# ACTION ITEM
Reproduce every line of the material below, but drop the pictures.

# SOURCE MATERIAL
********************

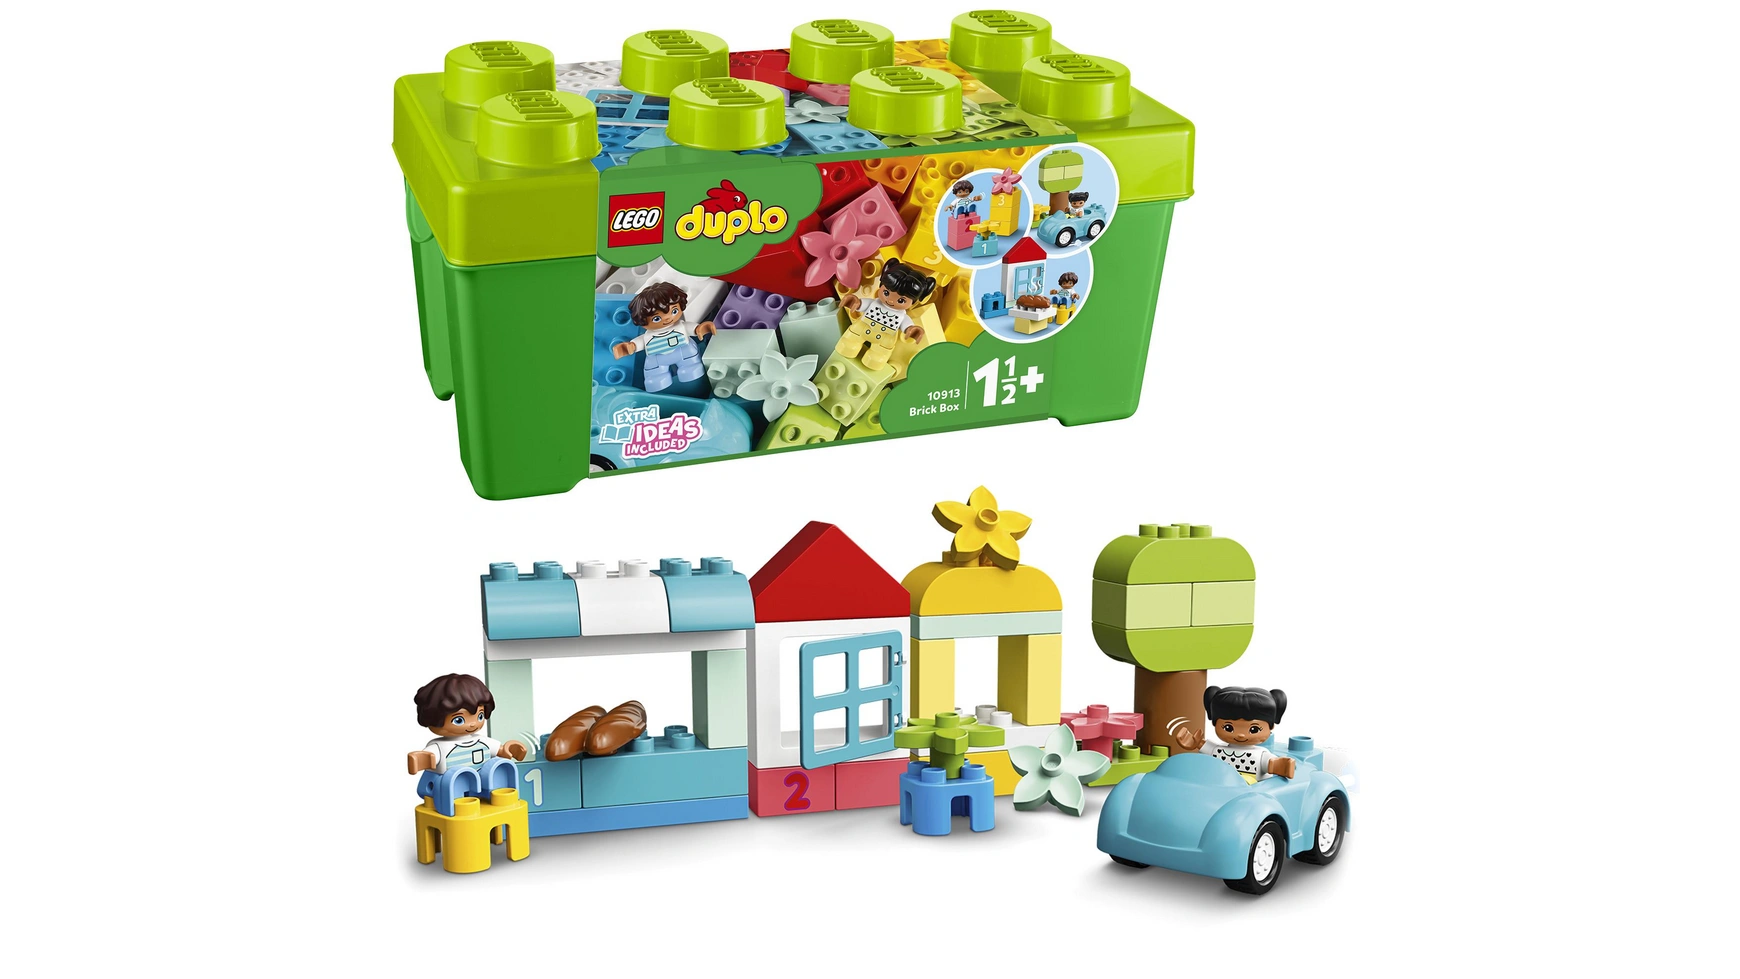 Lego DUPLO Classic Кирпичная коробка, креативная шкатулка, игрушка от 1,5 лет
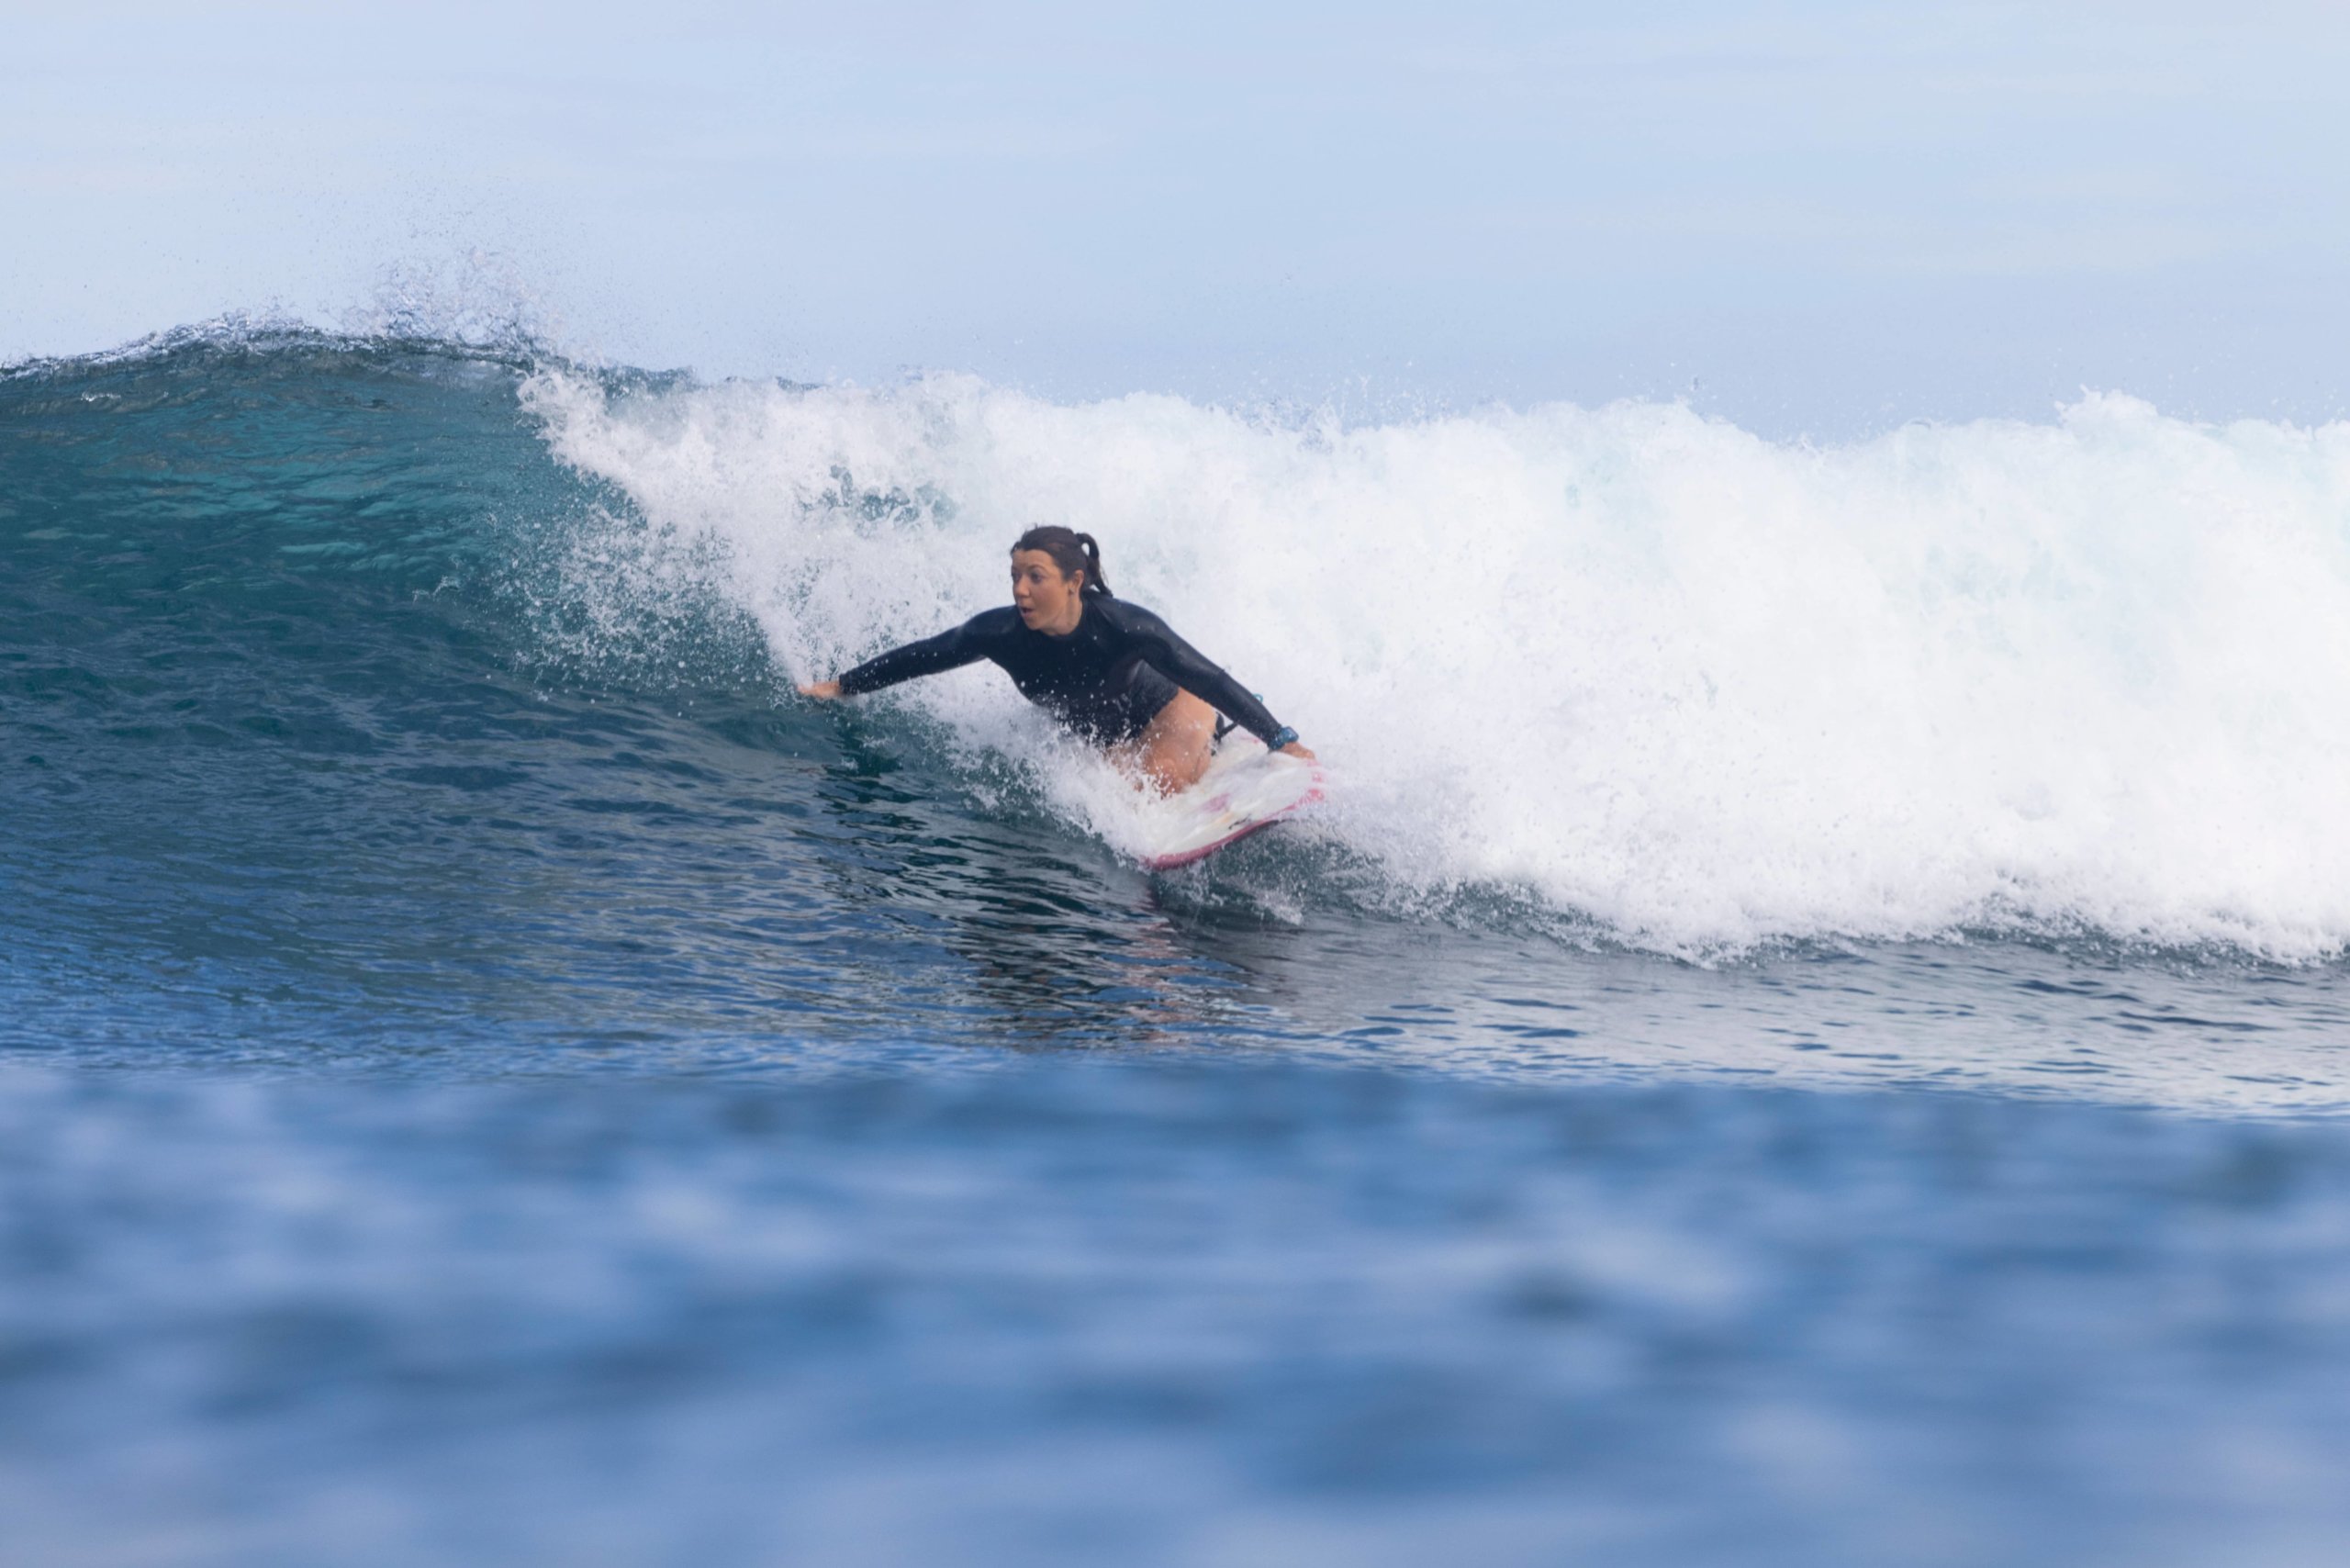 Victoria Feige kneel surfing
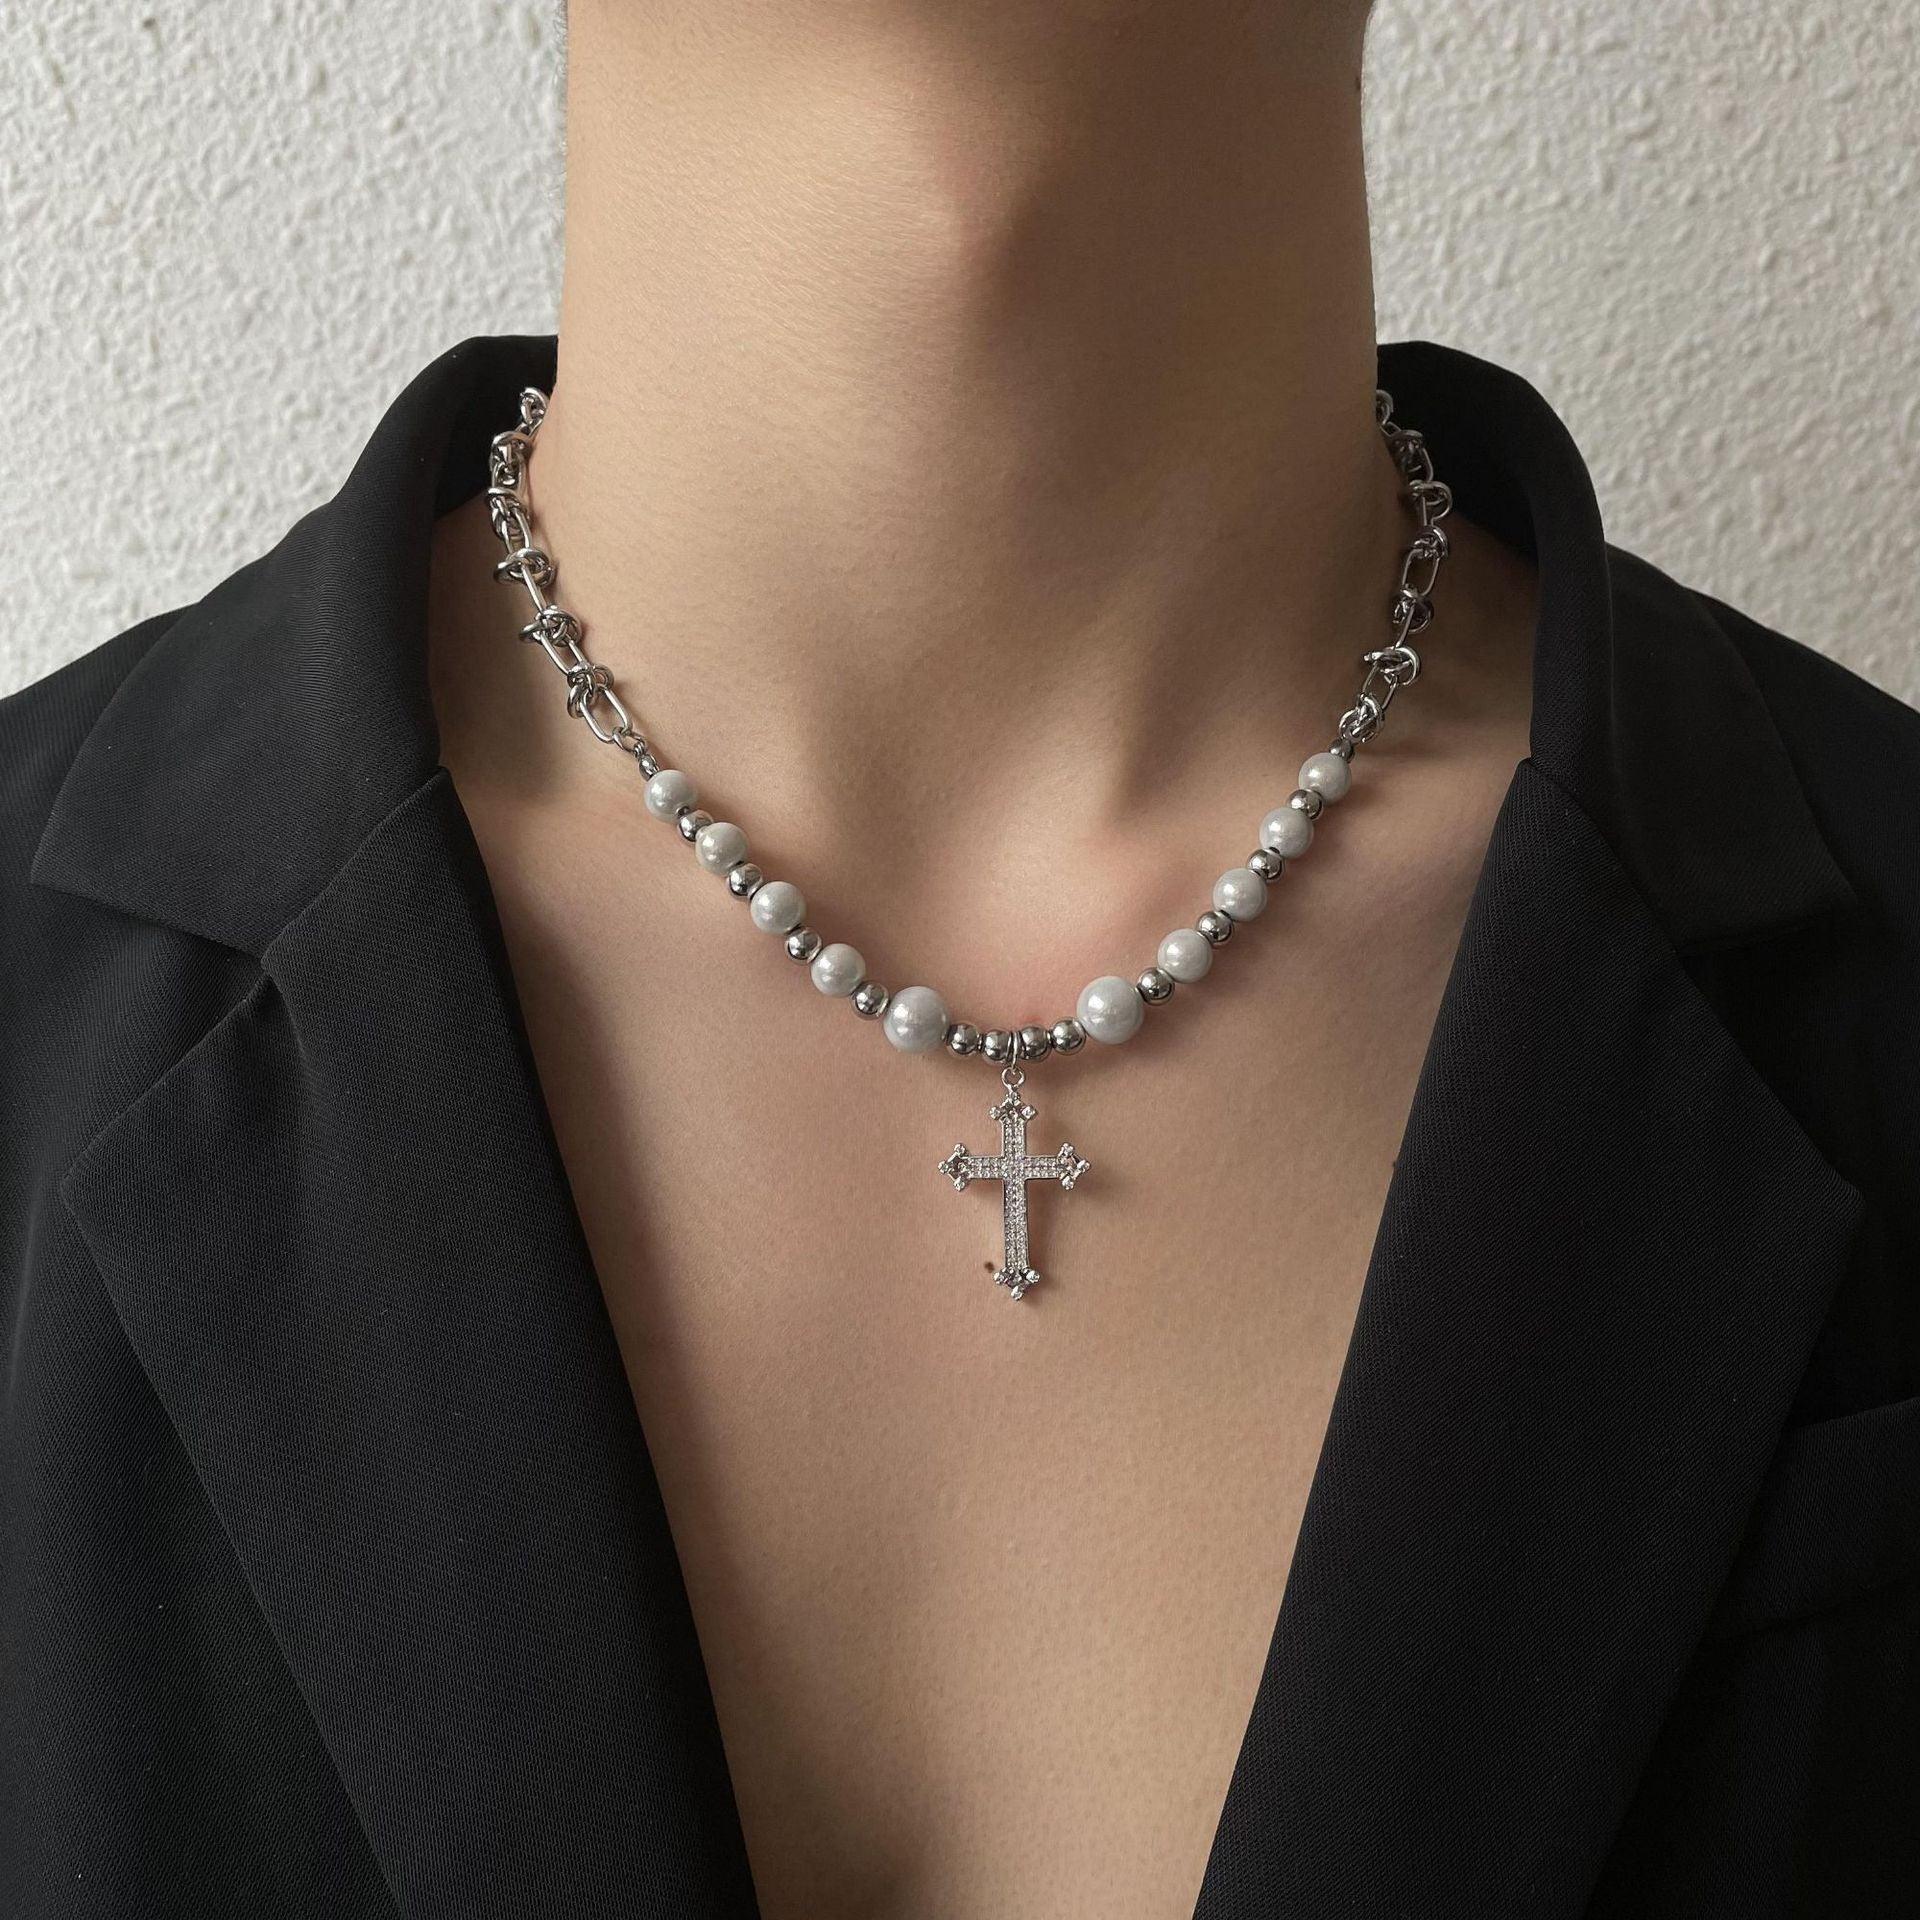 Reflective Pearl Cross Necklace - Keystreetwear

********************

# RESULT OF THE TASK
 Lego DUPLO Classic Кирпичная коробка, креативная шкатулка, игрушка от 1,5 лет
 Victoria Feige kneel surfing
 Reflective Pearl Cross Necklace - Keystreetwear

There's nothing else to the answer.